Your adult child is an irresponsible brat; such is the nightmare of many parents. What can one do to prevent this? The authors of the Bill-Gates-recommended Parenting With Love And Logic have some suggestions.
The key is to make things the kids' problem from an early age. By taking on too much responsibility, parents let their kids off the hook from some key experiences at a time when failing carries little penalty. For example, kids will blow their allowance on the first day on candy and other junk, but they learn from these experiences. The kid that doesn't get this experience gets his car repossessed as an adult, so say the authors.
The first half of the book describes the authors' theories, while the second half applies these theories to common real-life situations where these can be applied. There is little in the way of data supporting the authors' views, it's all anecdotal.
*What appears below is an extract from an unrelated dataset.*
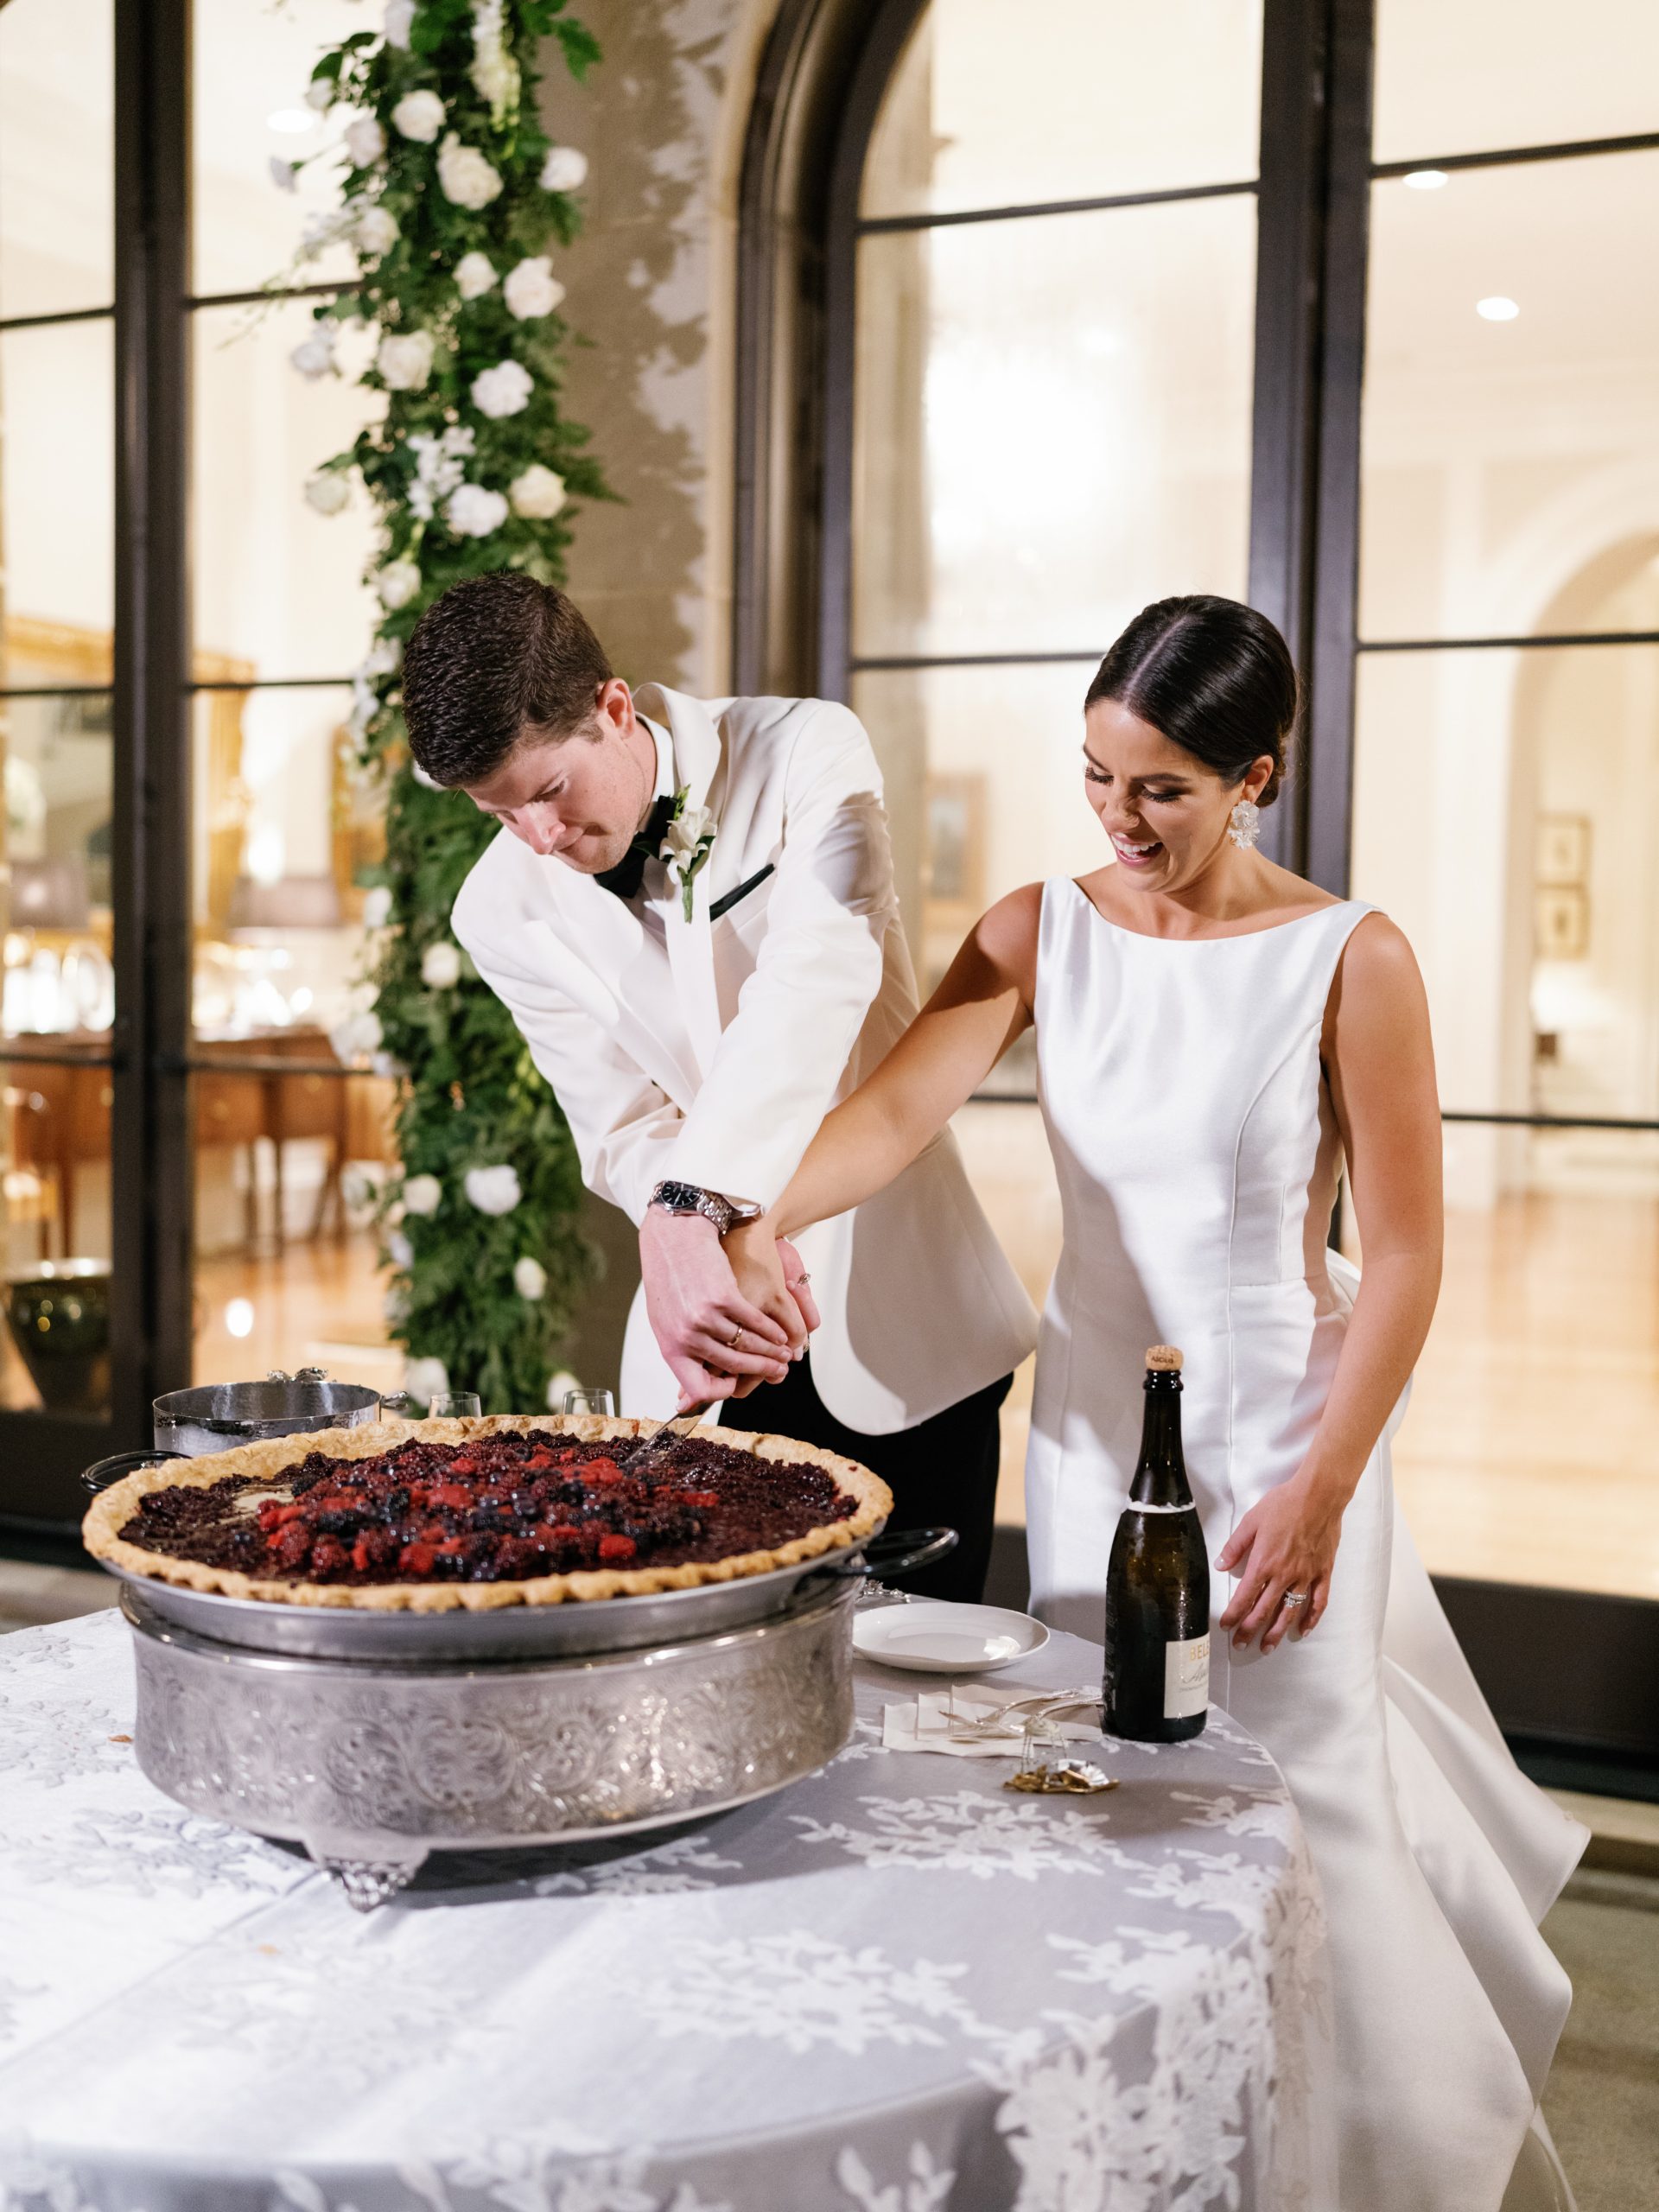 Jordan loves pie and was inspired by a friend in New York who had served a fruit tart at her wedding in Tuscany. Ally & Eloise Bakeshop made a spectacular berry tart in lieu of a wedding cake with additional options of coconut, key lime, and strawberry-rhubarb pies for the reception.

But for the most part, I think the book makes sense. However, I think it has a fatal flaw when it comes to some types of problems outside the home. The philosophy lets the kid deal with real-world consequences rather than consequences imposed by the parent. But kids don't think long-term enough to get adequate feedback for their actions. For example, a child may be fine coasting through school with C's and D's because he can't see far enough into the future to know it's a bad idea. I think parents may need to impose artificial consequences in some cases, which goes against the book's philosophy.
If you have a child that's old enough to bargain with, you may benefit from this book.